During a total of 53 hours, 1049 alarms went off, associated with 146 patients. Alarms changed the clinical management of a patient just eight times, or 0.8% of the time. ER staff did not respond to 63% of the alarms.”                                                                                         And the worst part is that many of these monitors could be set for the patient’s condition. If they come in with a heart rate of 130, you set it to let you know if it’s over 150 or whatever.  But the overlords in some hospitals won’t allow it to be adjusted!       

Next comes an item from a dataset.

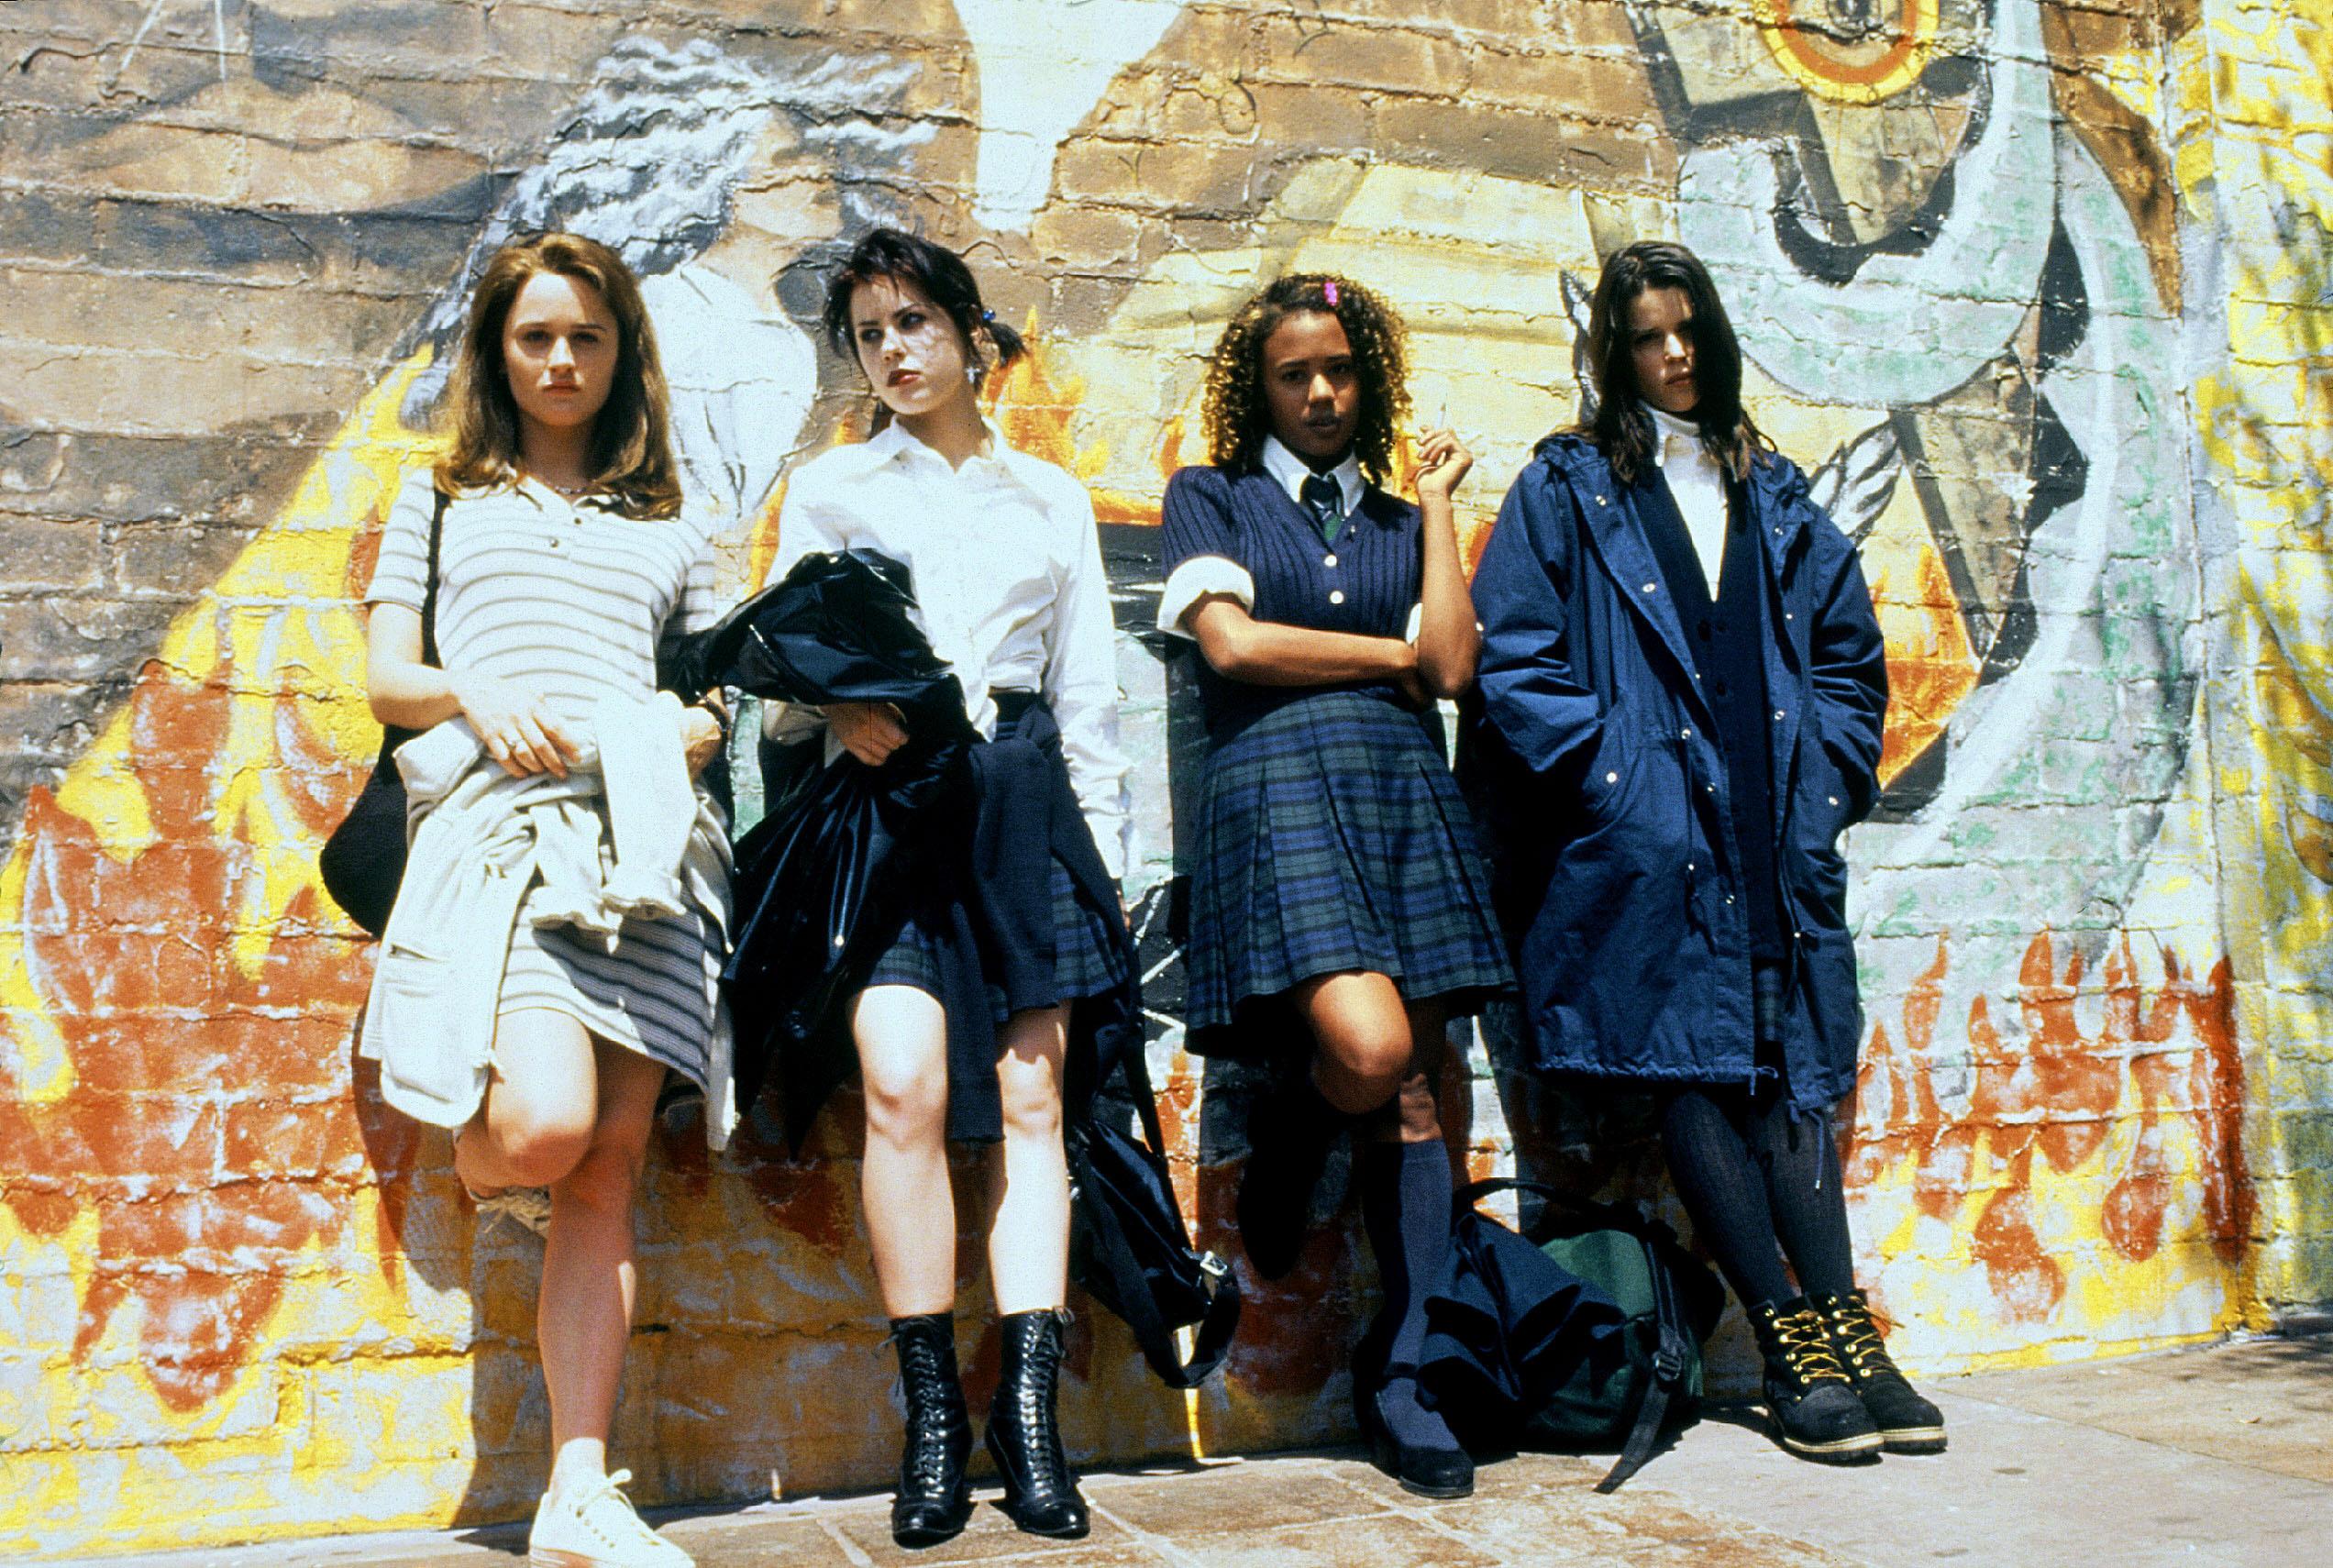 Jovens Bruxas: Magia, bullying e feminismo

No, no staff ever have to be able to hear themselves think, and patients never need to relax. And there’s no such thing as being hypersensitive to sound, though there’s plenty of peaceful shoppers at my local grocery store during the hour they dim the lights, make no announcements, and turn off or diminish the sounds of all the machines.                                                                                                                

And we sure don’t need a noise that can break through the cacophony to tell us when a patient really needs attention, now do we?                                                       

Is there an IQ limit for overlords?

Get our awesome newsletter by signing up here. We don’t give your email out and we don’t spam you.

Bridget Reidy MD

Bridget Reidy is an FP practicing near Victoria, British Columbia who abhors hypocrisy, waste, euphemisms, and useless bureaucrats, ie inauthentic medicine. She was a board certified FP with a certificate of additional qualifications in palliaitive care, no longer because, MOC. She did her residency in rural Marquette Michigan in the eighties, and spent her career mostly in the US in a variety of settings, emergency, urgent care, family practice - including locums on reservations, prisons and medicaid mills, and housecall practice - including work as a hospice medical director. Now she owns and runs a solo cottage industry style family practice, typical of Canadain FP's. She is on the advisory board of The Medical Post, Canada's newsletter for physicians, and a member of BC GP's for reform. 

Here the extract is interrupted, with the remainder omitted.